Recorded data: Begin

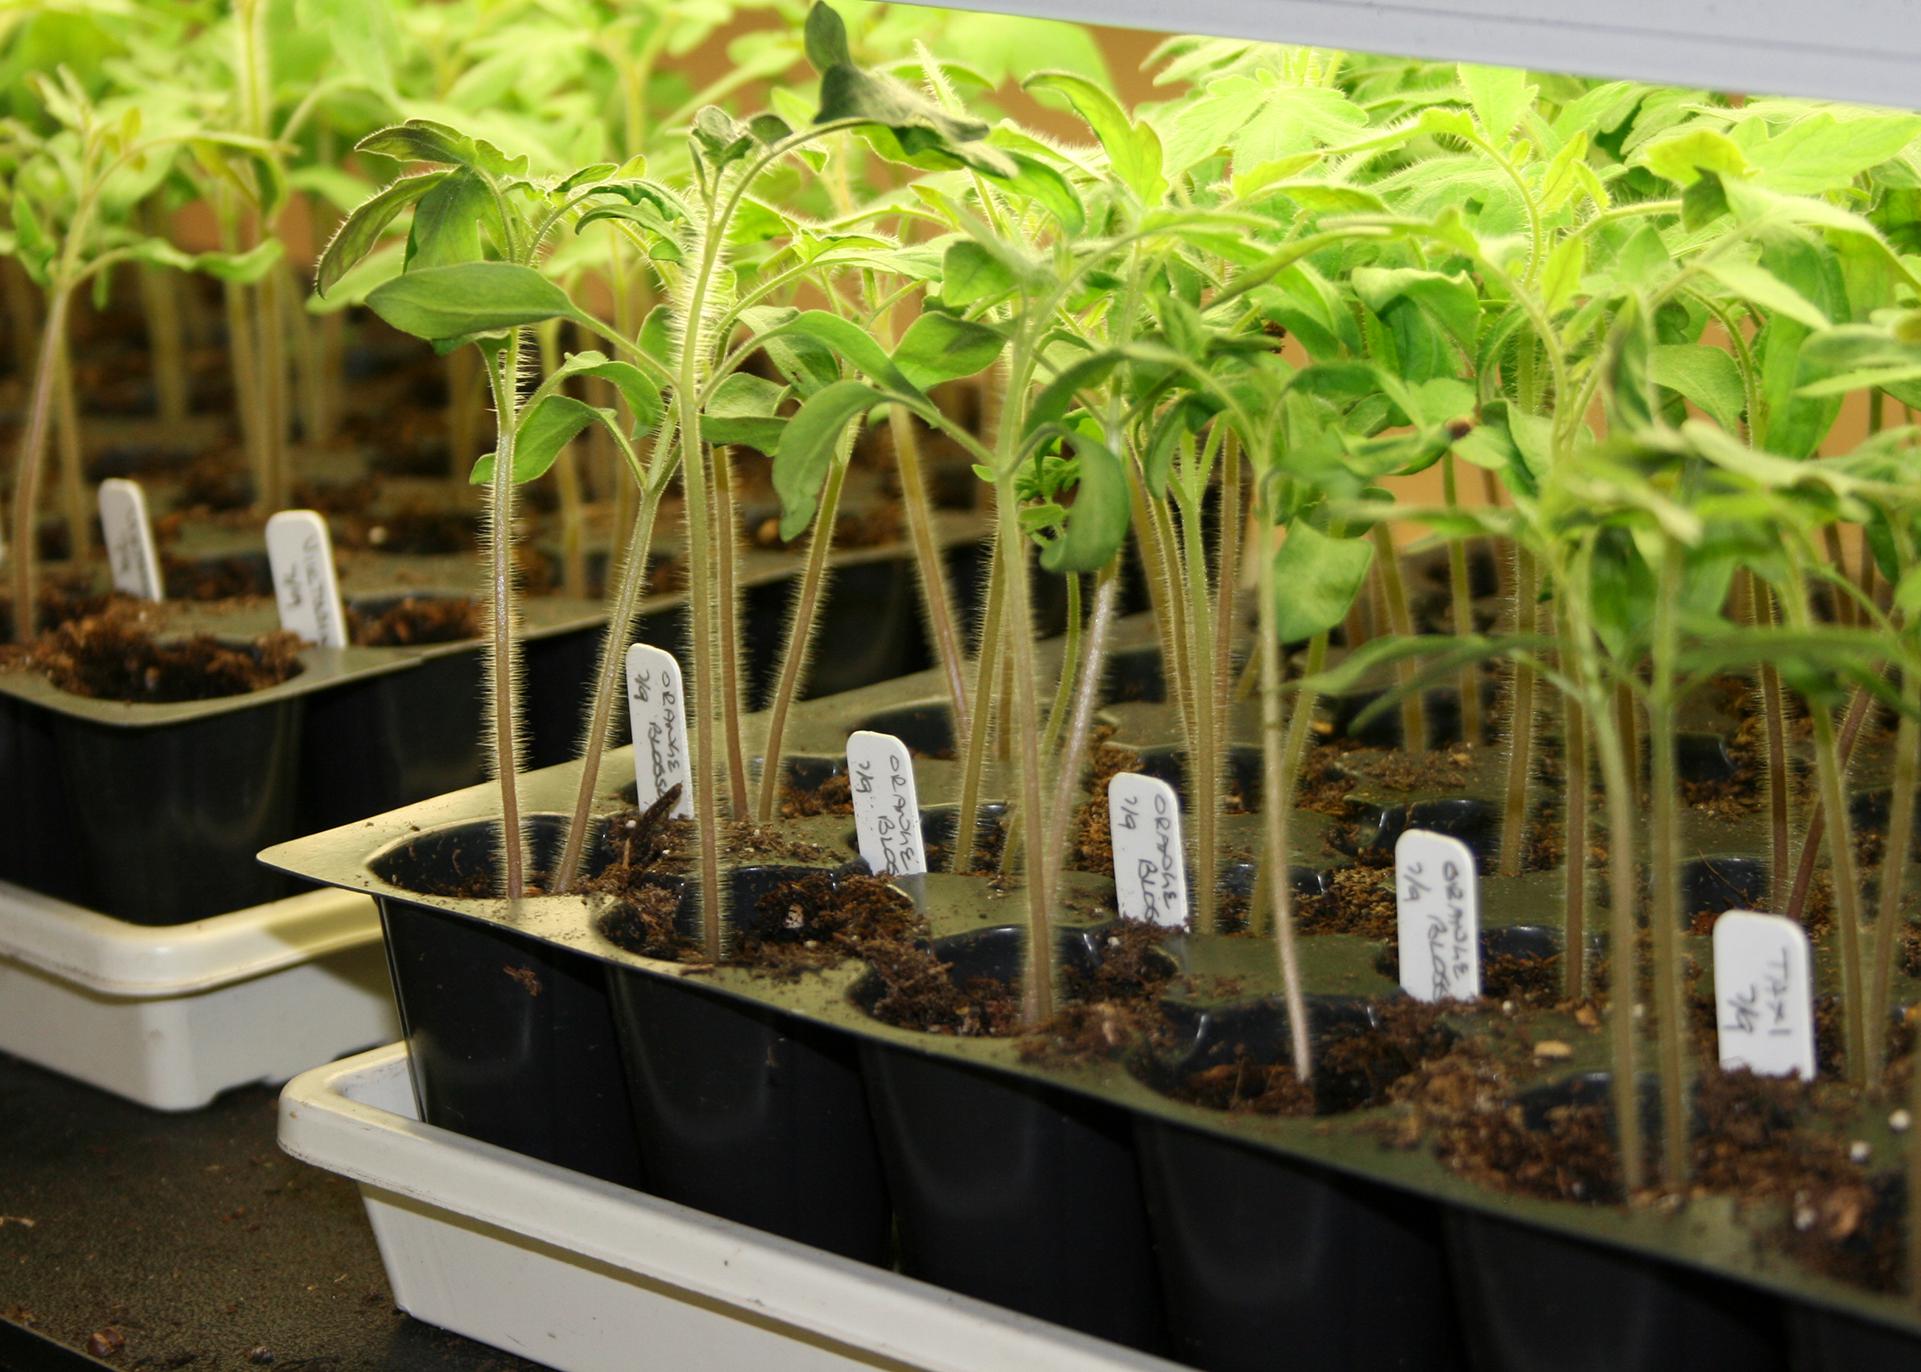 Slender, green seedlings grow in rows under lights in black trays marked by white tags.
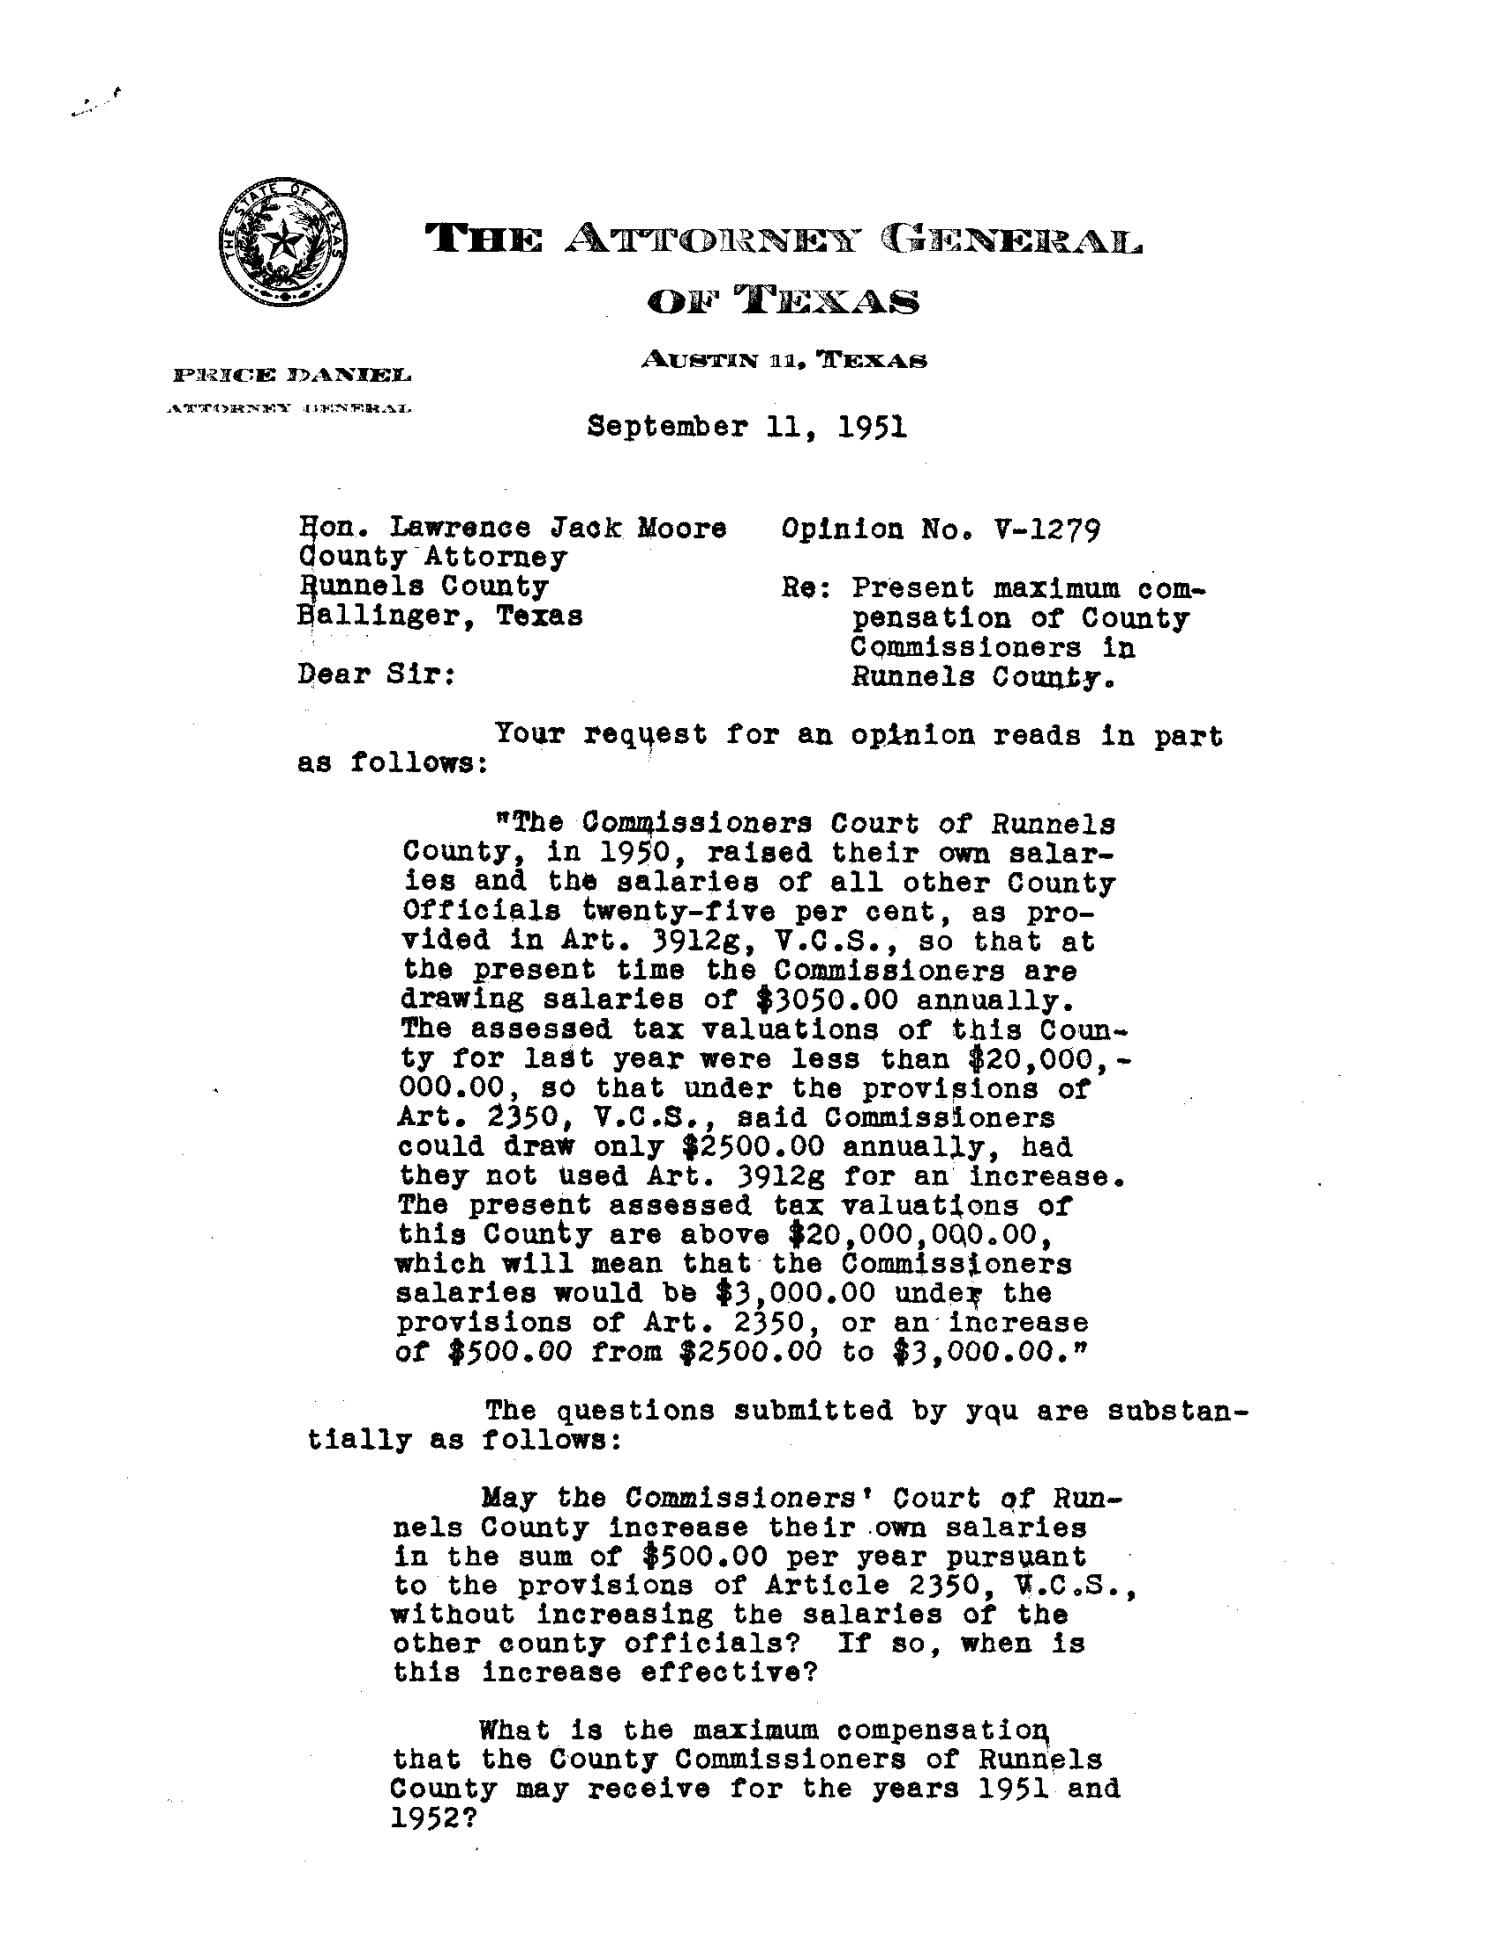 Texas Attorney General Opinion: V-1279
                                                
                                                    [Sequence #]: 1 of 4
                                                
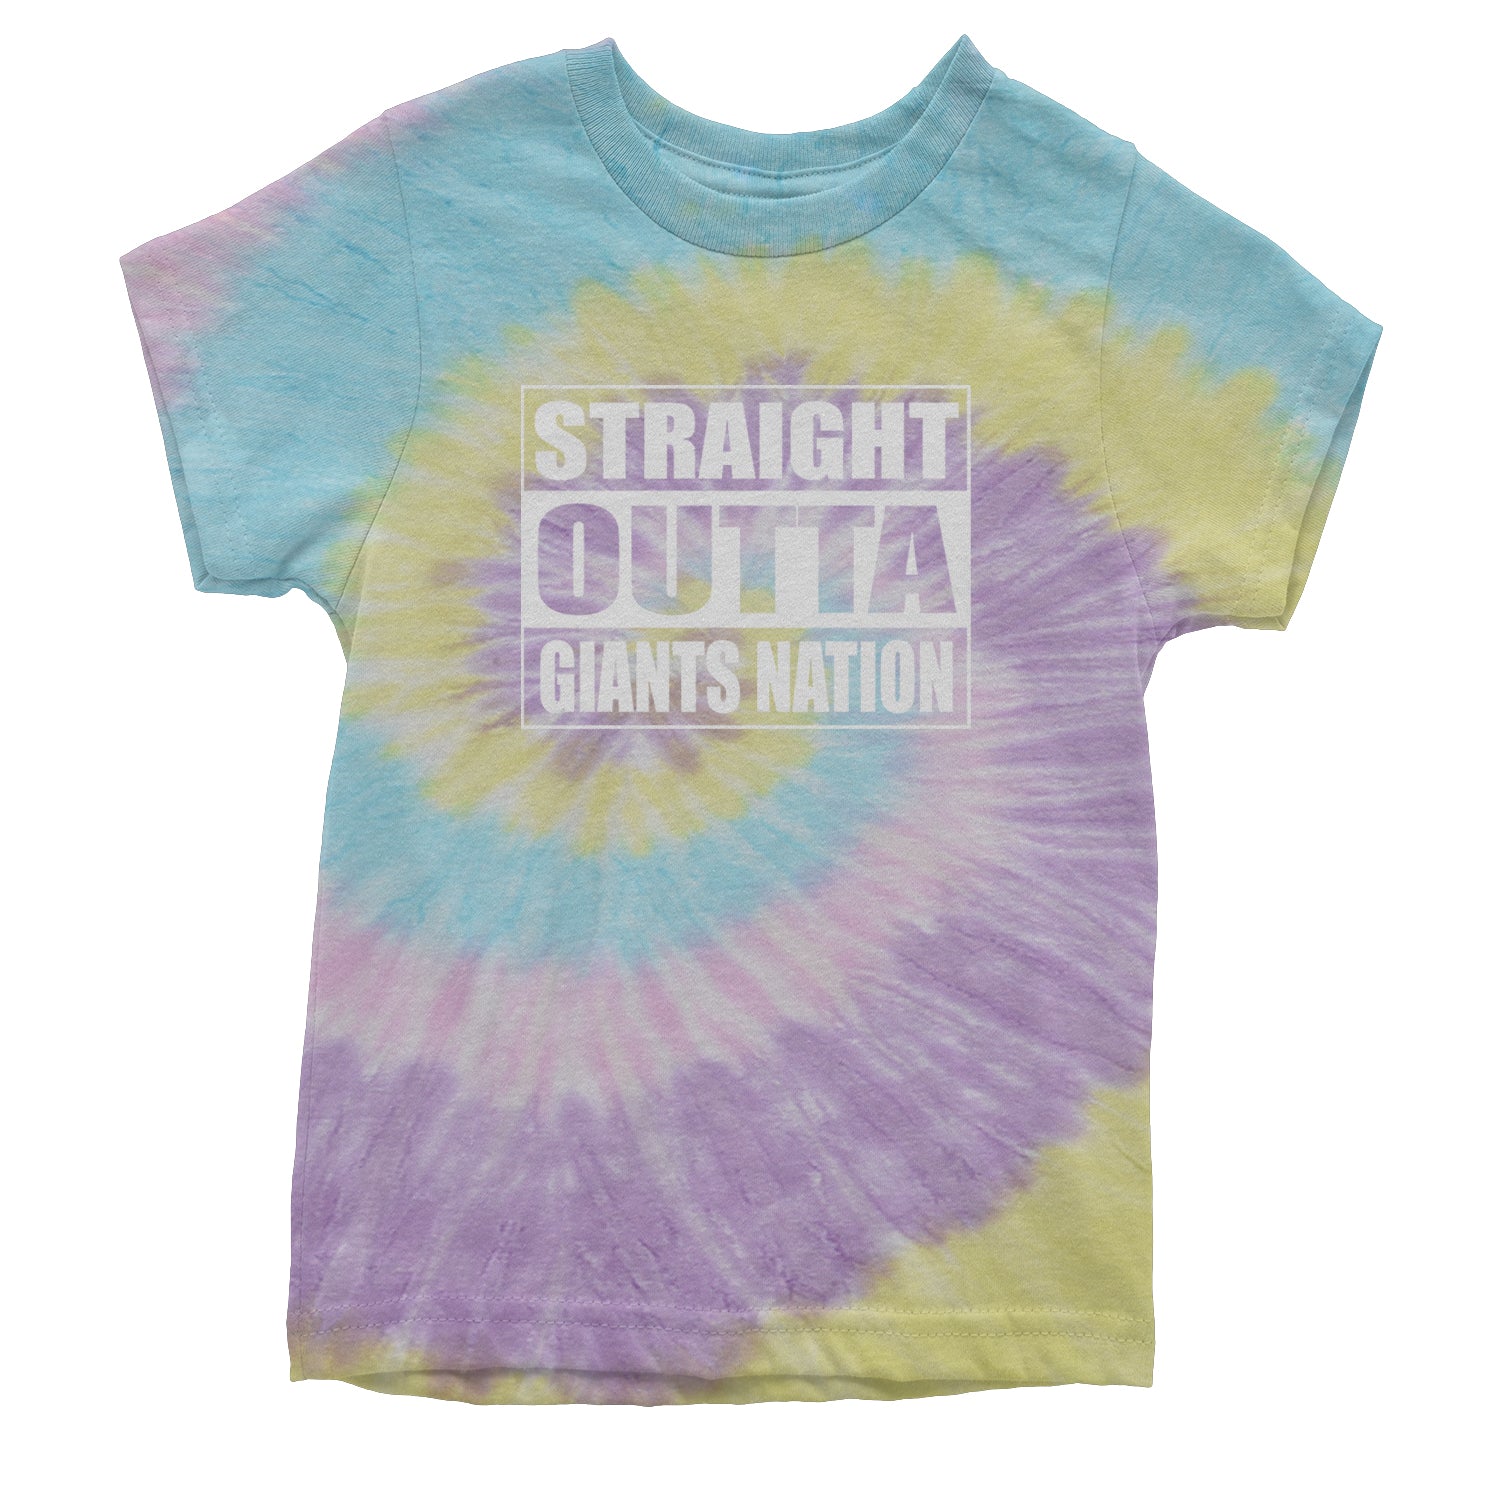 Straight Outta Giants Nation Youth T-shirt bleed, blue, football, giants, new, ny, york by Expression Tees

Recorded data: End

• **Task details**
Nothing but the pictures should be left out when the material above is copied.

• **Response area**
 Slender, green seedlings grow in rows under lights in black trays marked by white tags.
 Texas Attorney General Opinion: V-1279
                                                
                                                    [Sequence #]: 1 of 4
                                                
 Straight Outta Giants Nation Youth T-shirt bleed, blue, football, giants, new, ny, york by Expression Tees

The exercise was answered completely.